# Hi there! newbie here



## AndyV8 (Aug 7, 2009)

Hi everyone,

I'm Andy, and I own (or support financially!) a 1981 Dodge Ram B250 "Van Amera" camper van.  Here is a piccie or two (hopefully) :

Wife brewing up:






Pitched up with awning tent (and dog) :





Out on the Malverns on walkies : 





The van has a 360 cubic (5.9 litre) petrol V8  that I just love the sound of.  I might get a gas conversion in the future, but petrol consumption not too bad.  I've just about finished re-fitting the interior, here is a mid-way picture :





Will have to update this with some more pics sometime in the relevant forum.  Anyway - I live near Stratford upon Avon, am a design engineer in the agricultural industry, am married, and enjoy hiking, camping, shooting (targets and game), canoeing and flying radio controlled gliders.

Hope to meet some of you fine folk sometime, and I'll keep on browsing for now 

Bye for now,
Andy


----------



## jogguk (Aug 7, 2009)

Hi Andy,

Love American campervans with the big V8's  Me and now you, at least 2 owners on here have them Anyone else?

Mine too is a Dodge (5.9L) B3500 year of manufacture 2000. A Great West Van conversion low roof "classic" model. 

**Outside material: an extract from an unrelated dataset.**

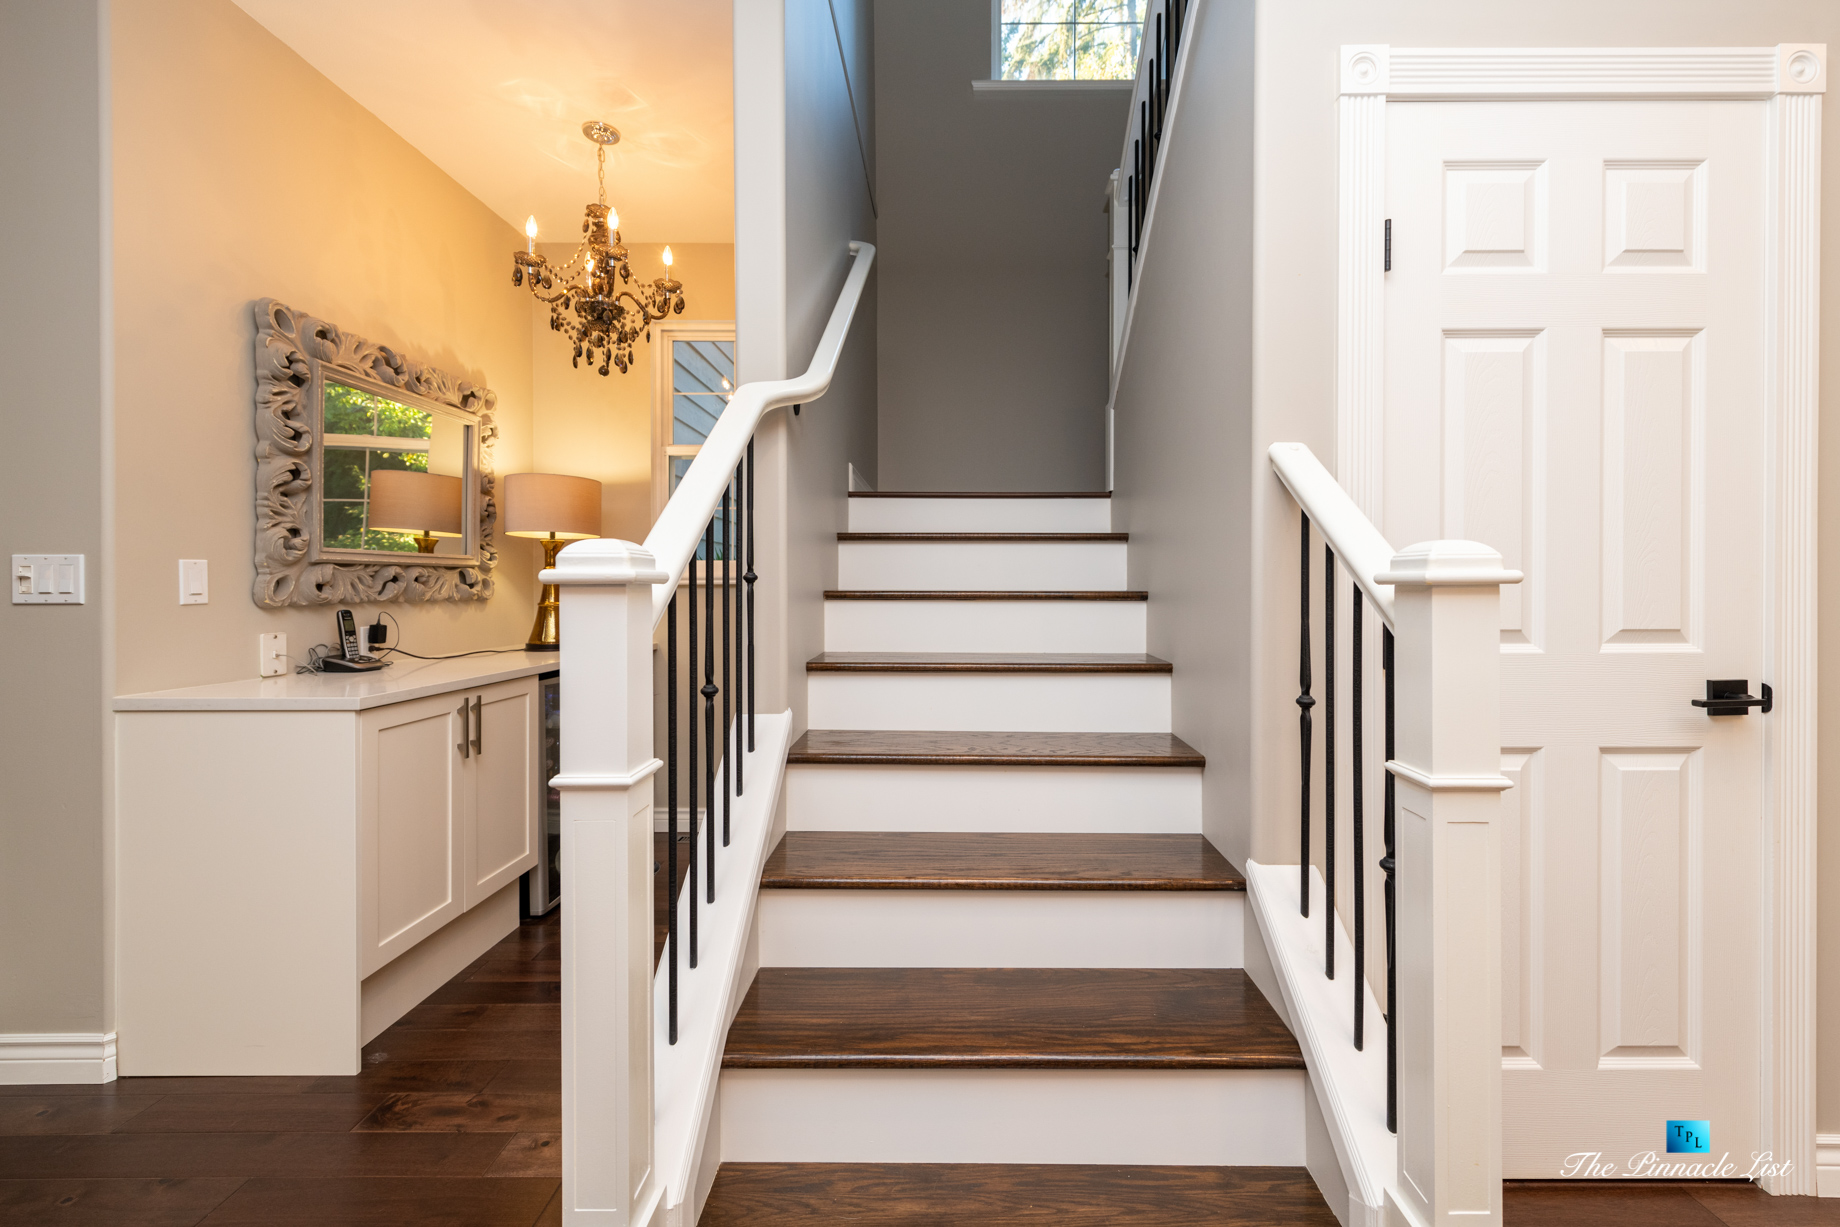 2366 Sunnyside Rd, Anmore, BC, Canada – Kitchen Stairs

Apart from the rounded front and fuel injection they never changed much mechanically from the 70's The later ones even have the same characteristics, steering which appears to be attached by bits of worn knicker elastic etc.

pic here 

john


----------



## AndyV8 (Aug 12, 2009)

ooh  very tasty John - she's a beauty 

Yes gotta love these big yank lumps of iron!  That relaxed driving style - wondering where it'll wander to next 

This year I'm getting the interior sorted, then next year the body will get some attention and hopefully the LPG kit.  Hopefully when she's in storage over the winter I'll get the suspension parts off, sandblasted, then powder coated at work.

Always plenty to do!

Cheers,
Andy


----------